Uploading models to modelRxiv

This page provides an overview of the process of uploading models, including details about implementing the modelRxiv protocol. Researchers are encouraged to upload their published or unpublished models to modelRxiv to allow a wider audience to access the model, manipulate parameters, and regenerate results. modelRxiv does not require that uploaded models be accepted at a peer-reviewed journal before uploading, but you must be allowed to make the model code publicly available (see our terms of use for more information. To read more about the goals of the platform, see the preprint.

Registration

Before uploading a model, you will need to create an account and log in. This can be done by clicking on the "Login" button on the top right corner of the page, and opening the "Register" tab. Once you have created an account, you can login using your credentials on the Login dialog box.

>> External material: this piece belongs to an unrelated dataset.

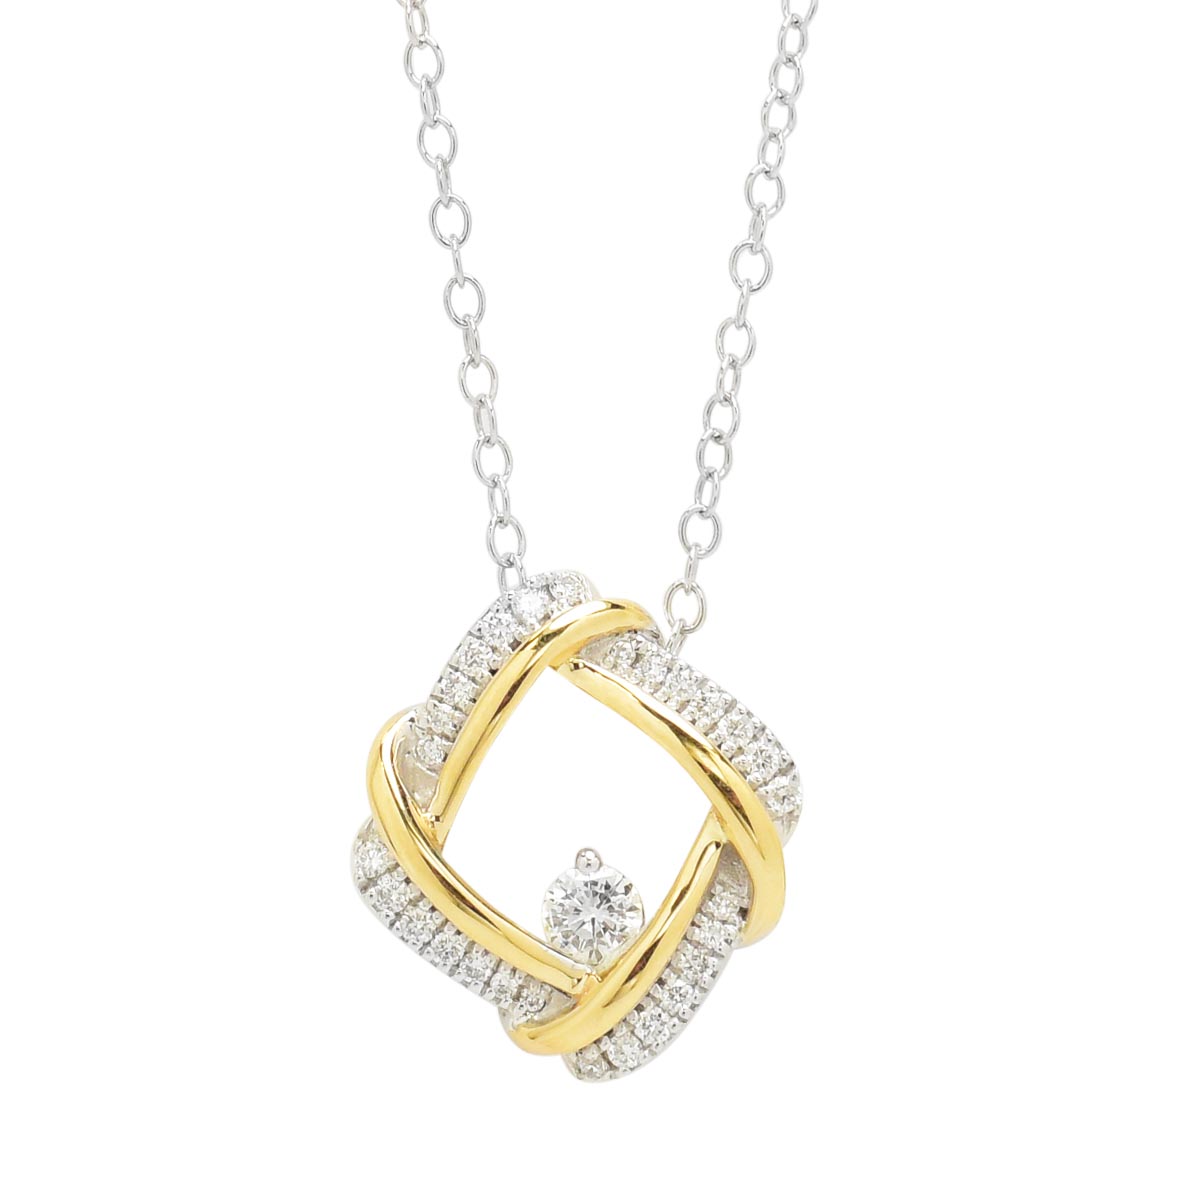 Northern Star Diamond Love Knot Collection Necklace in Sterling Silver and 10kt Yellow Gold (1/4ct tw)

A screenshot of the open register dialog box on modelRxiv

Once logged in, you will see an "Upload" button at the top right corner of the page.

Upload page

The upload page is designed to allow uploaders to paste their model code and gradually adapt it to modelRxiv, either by manually editing the code and testing it, or by using the AI-assisted features for code conversion. The upload process has four main steps:

  • Adding your model code. The model code box must contain the entire code necessary to generate the model results and be compatible with modelRxiv (see below).
  • Describing your model using the modelRxiv scheme format. The scheme includes publication information, the list of parameters that users can manipulate, visualizations of the dynamics, and presets of parameters that allow users to regenerate certain scenarios or figures.
  • An optional step of using the AI-assisted conversion pipeline to make your model compatible with modelRxiv.
  • Testing your model to assure that it works and is compatible with modelRxiv. Once you have successfully tested the model, it can be uploaded.

Model code

When you first open the upload page, you will see a blank text box for your code. You can either provide code that conforms to the modelRxiv protocol, or use the AI-assisted pipeline to convert it (recommended). To see an example of a simple model that is compatible with modelRxiv to use as a template, click the "Load example" button at the bottom right of the text box.

A screenshot of the model code box on the modelRxiv upload page, with an example model

Model scheme

The model scheme describes your model to modelRxiv, including its parameters and visual outputs. This allows modelRxiv to provide the appropriate adjustable parameters to users, and to create dynamic plots based on the output of running the model code. You can also add descriptions to the scheme to help users understand your model.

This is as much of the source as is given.